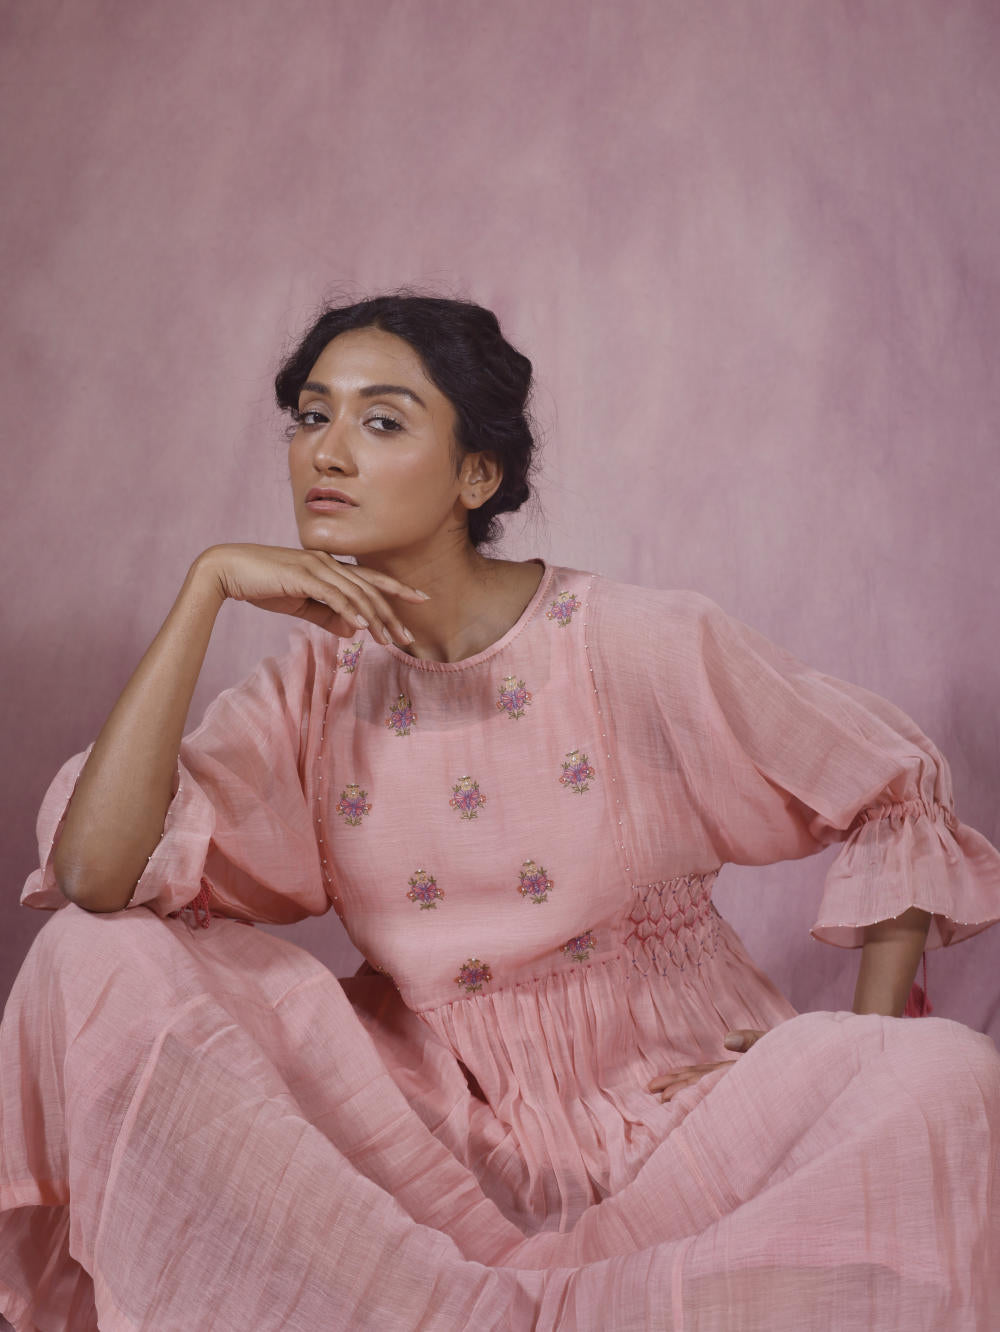 The pink sorbet outfit Fashion Chokhi Chorri 
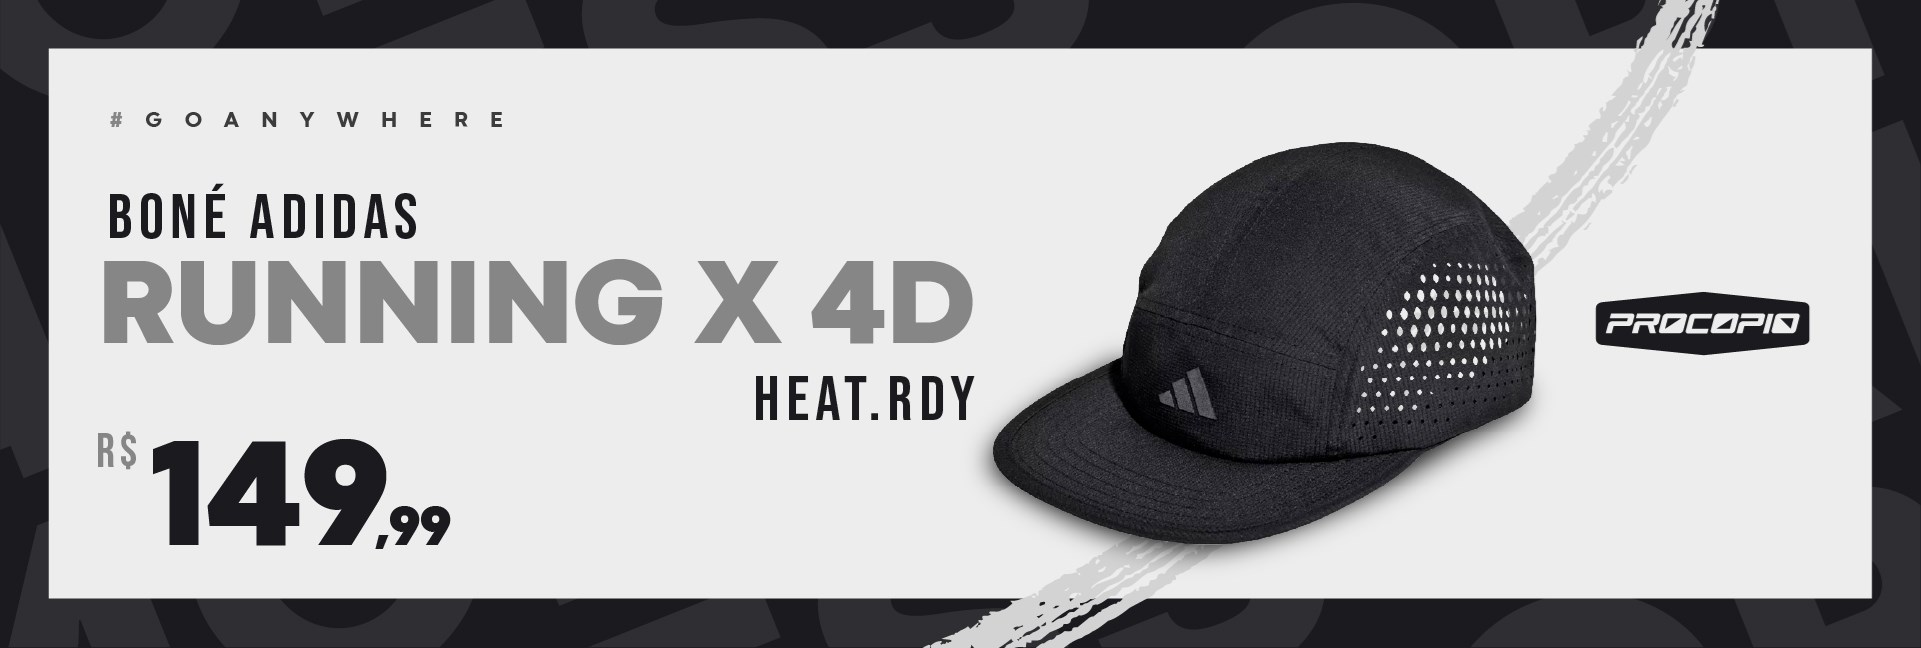 Boné adidas Running X 4D Heat.Rdy
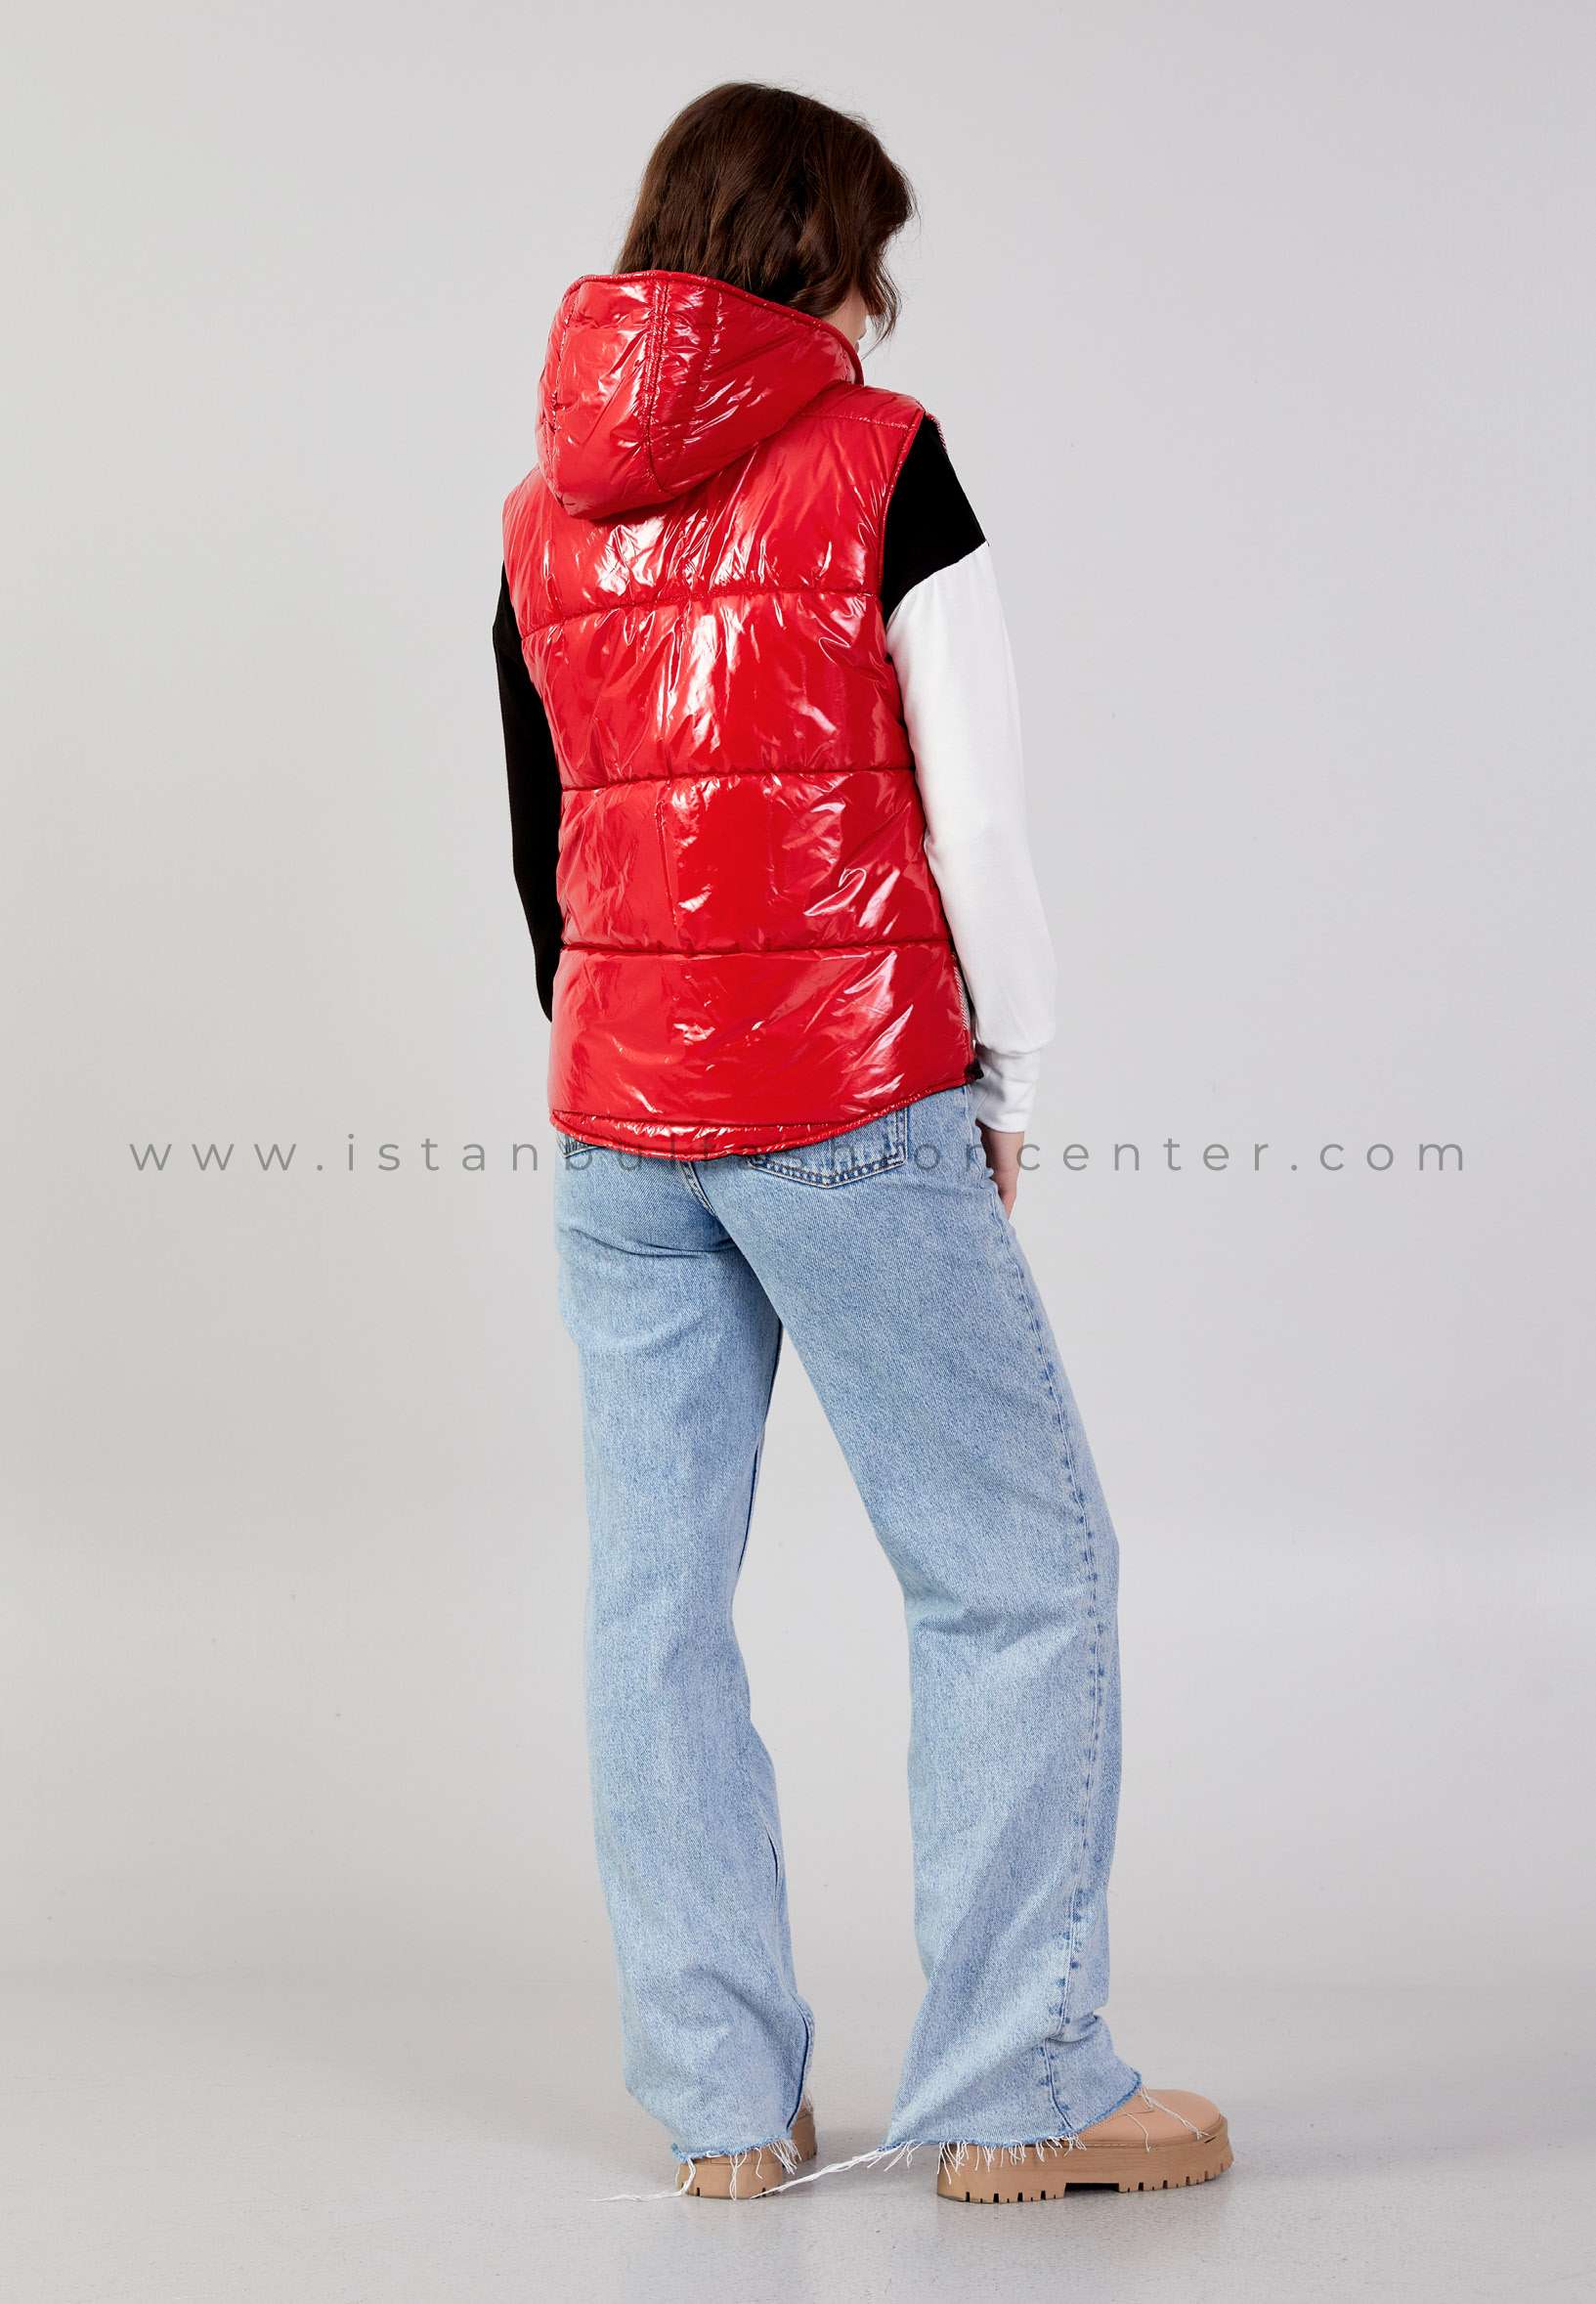 YSATİS Sleeveless Plaid Regular Red Black Vest Yst2223.1200105kır

***

The data must be printed exactly, image-free.

 The pink sorbet outfit Fashion Chokhi Chorri 
 Boné adidas Running X 4D Heat.Rdy
 YSATİS Sleeveless Plaid Regular Red Black Vest Yst2223.1200105kır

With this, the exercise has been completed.